== SUPPLIED DATA ==
◆ ◆ ◆
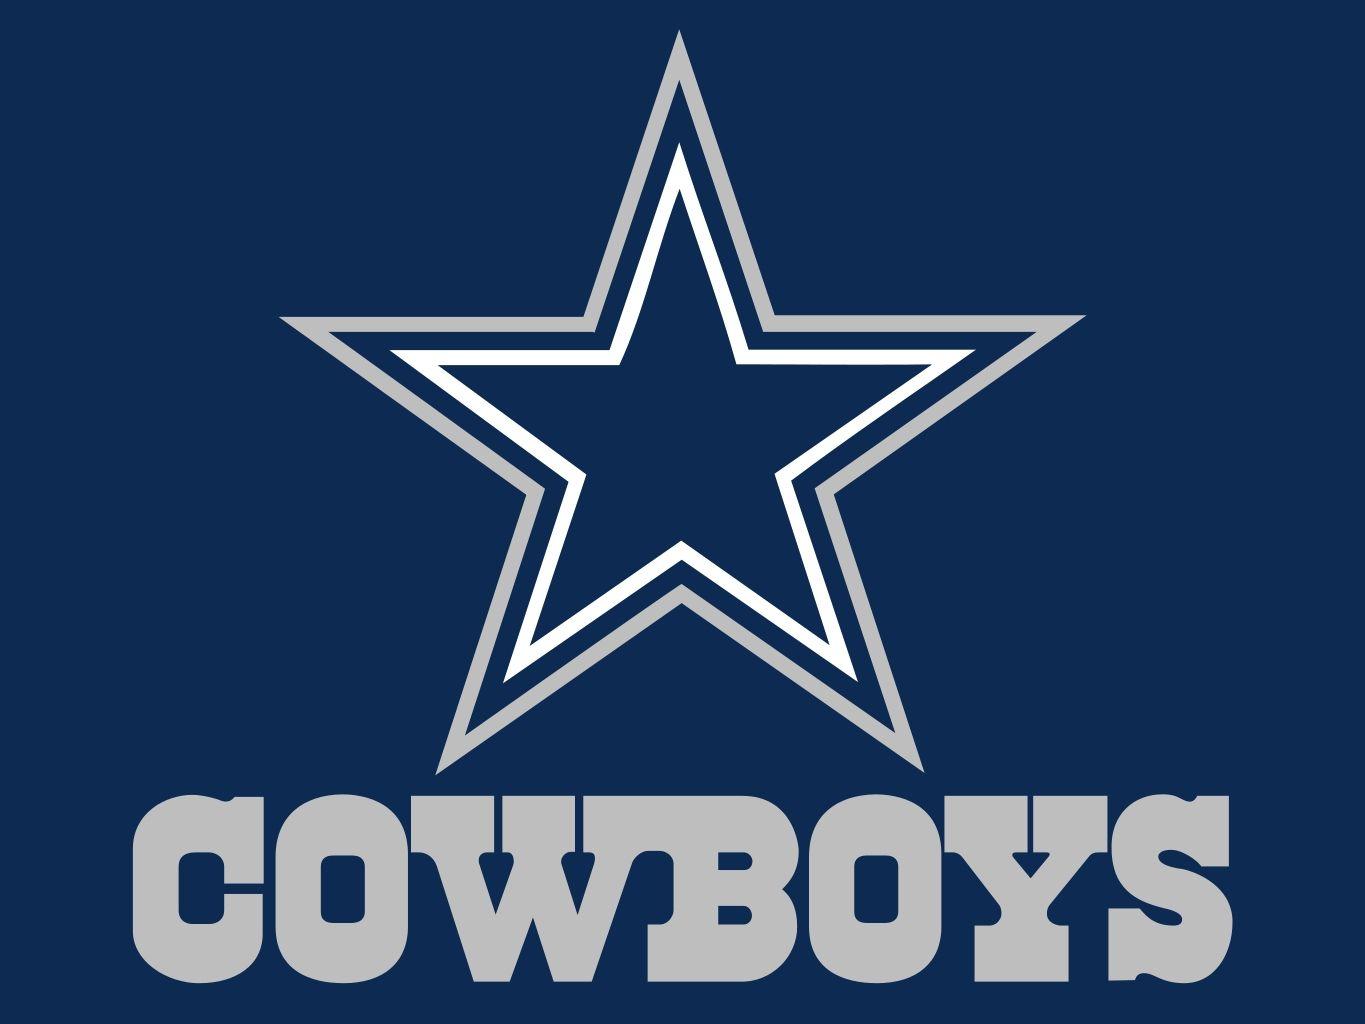 Cowboys Football Logo - NFL Teams
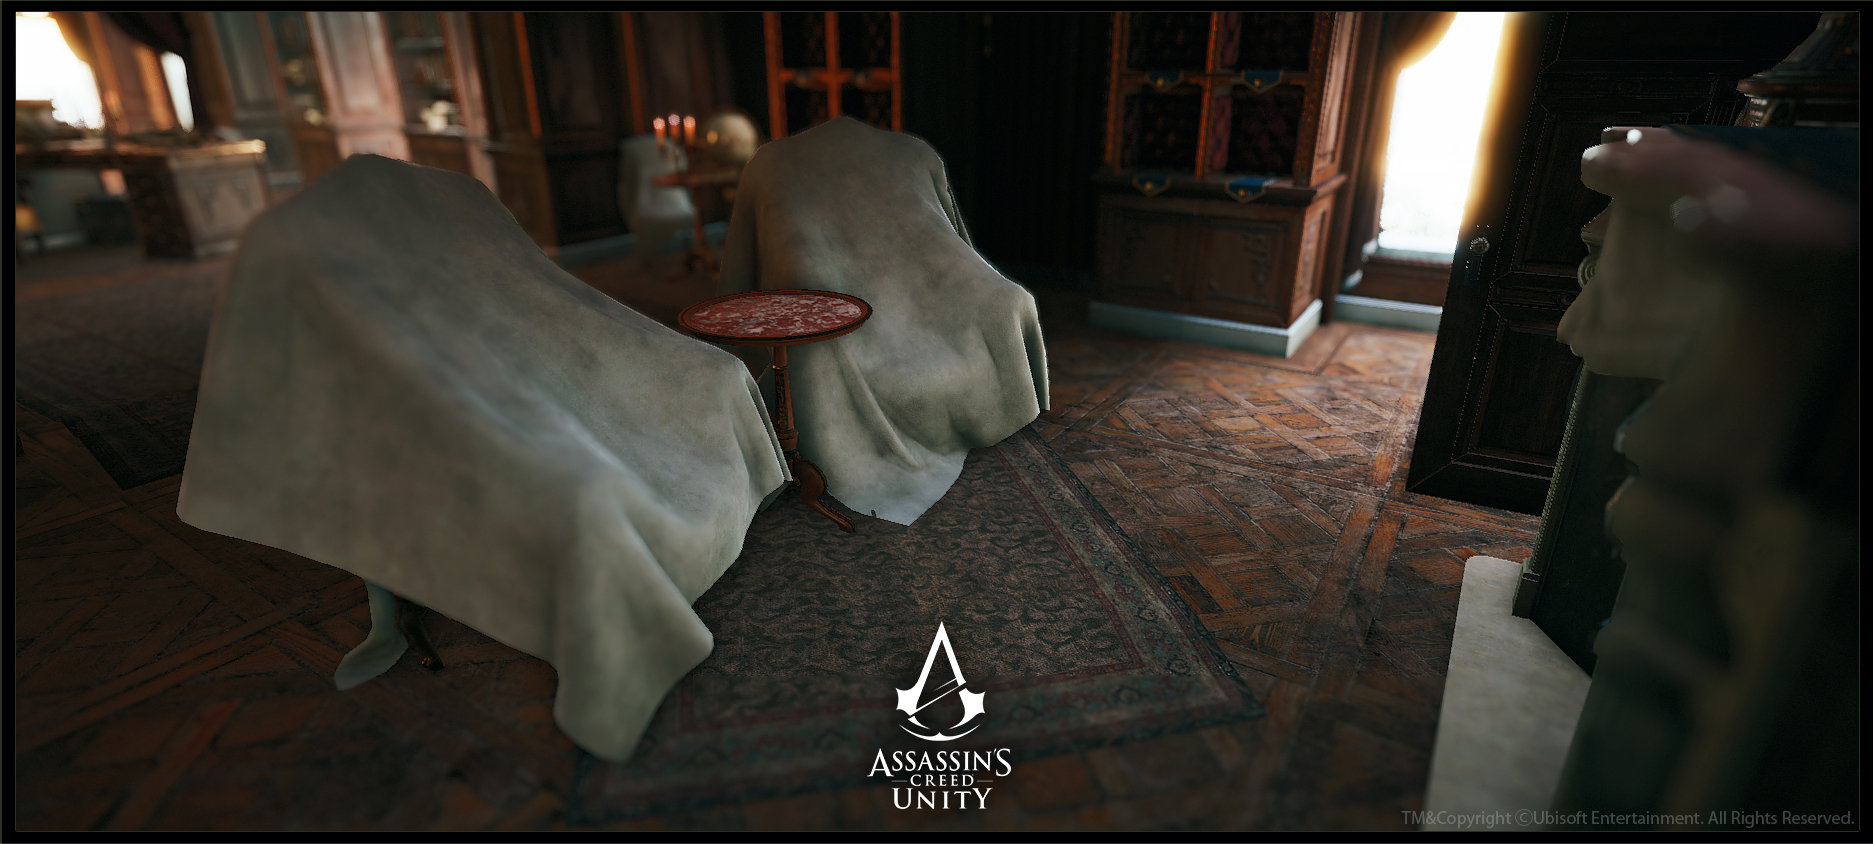 Assassin's Creed Unity - Café Théâtre, Pierre FLEAU  Assassins creed unity,  Assassins creed, Fantasy places
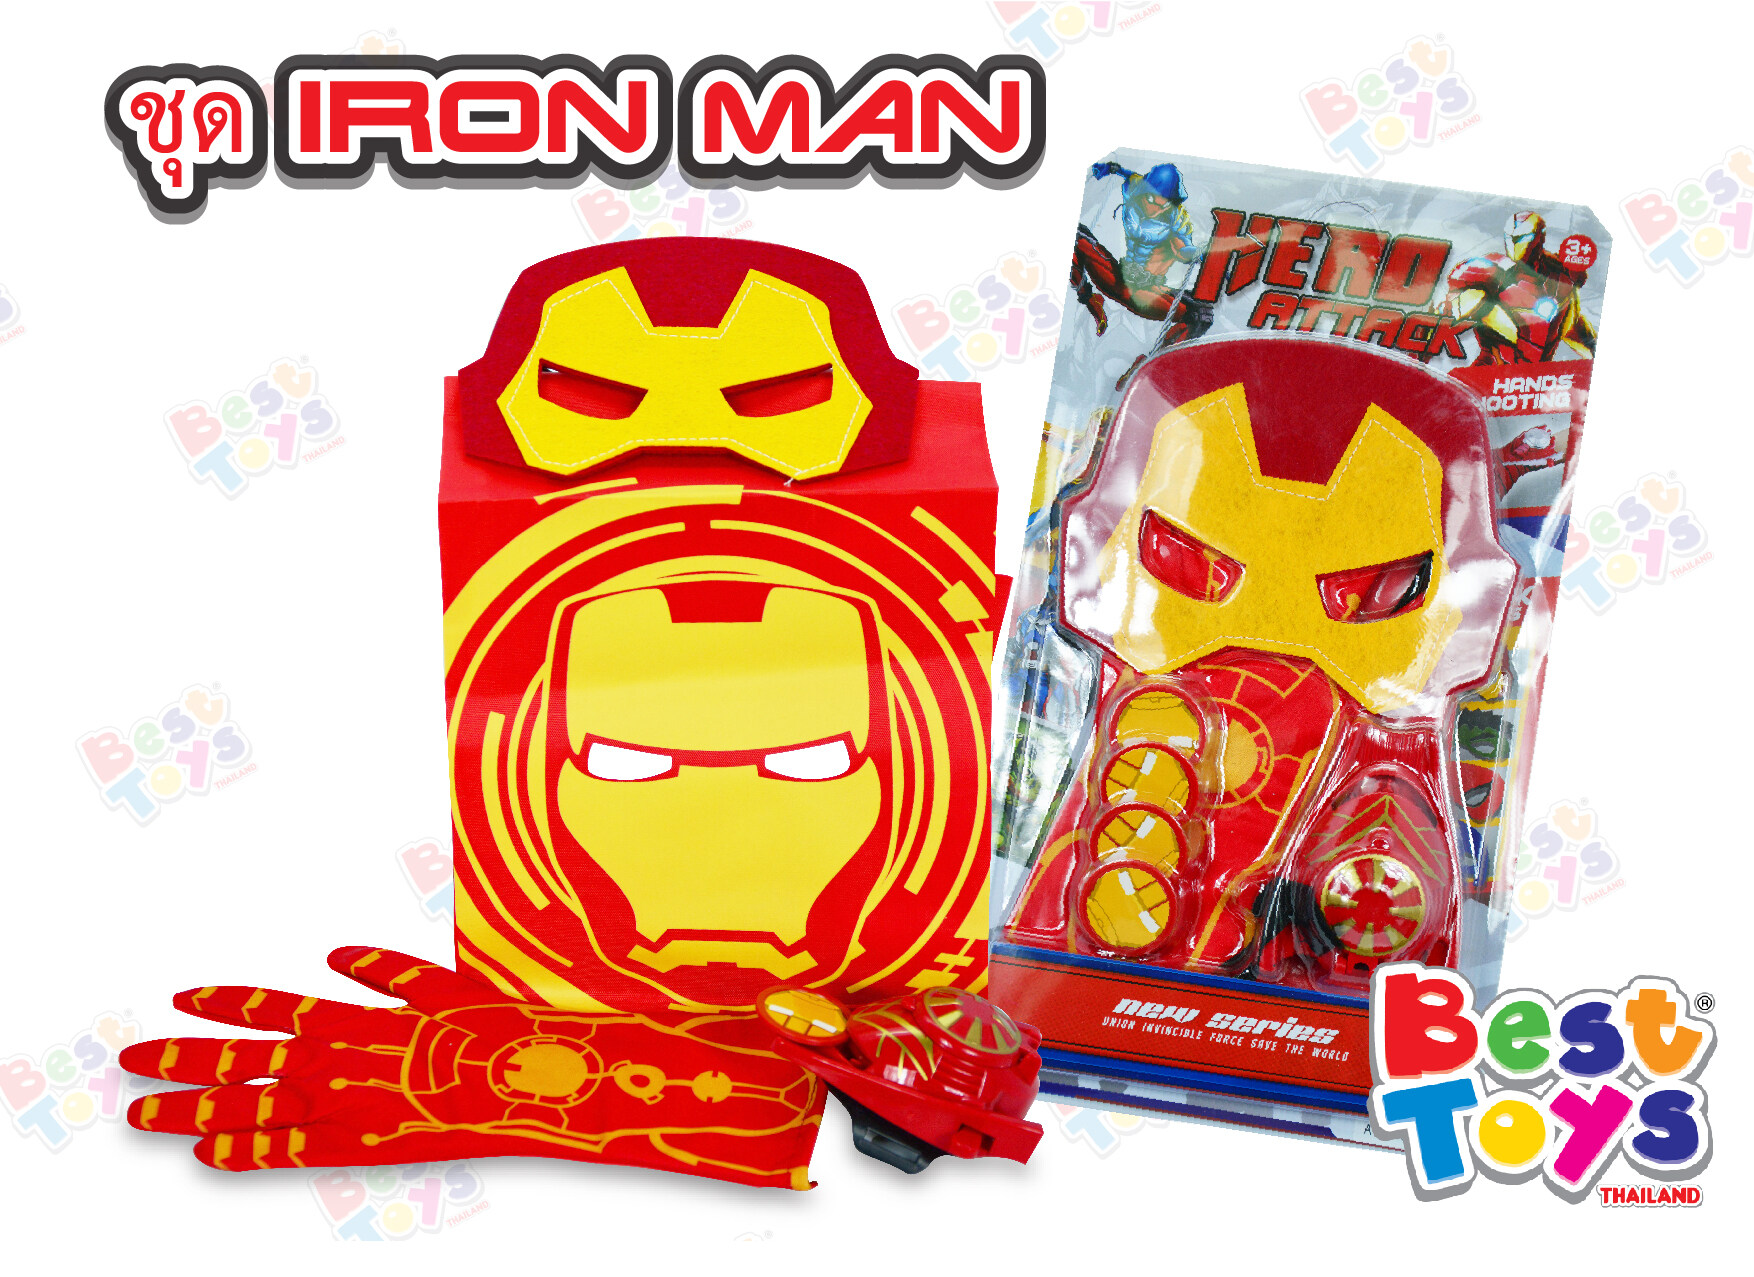 👉🏻ชุดเซ็ตอุปกรร์ไอรอนแมน Iron Man พร้อมอุปกรณ์ ชุดแต่ง หน้ากาก ถุงมือ ผ้าคลุม เครื่องยิงกระสุน ครบเซ็ต สนุกสนาน เพลิดเพลิน/Best Toys เบสทอย
◆ ◆ ◆
== TASK TO COMPLETE ==
Word for word, write out the whole listing, keeping none of the pictures.

== EXPECTED ANSWER ==
 Cowboys Football Logo - NFL Teams
 Assassin's Creed Unity - Café Théâtre, Pierre FLEAU  Assassins creed unity,  Assassins creed, Fantasy places
 👉🏻ชุดเซ็ตอุปกรร์ไอรอนแมน Iron Man พร้อมอุปกรณ์ ชุดแต่ง หน้ากาก ถุงมือ ผ้าคลุม เครื่องยิงกระสุน ครบเซ็ต สนุกสนาน เพลิดเพลิน/Best Toys เบสทอย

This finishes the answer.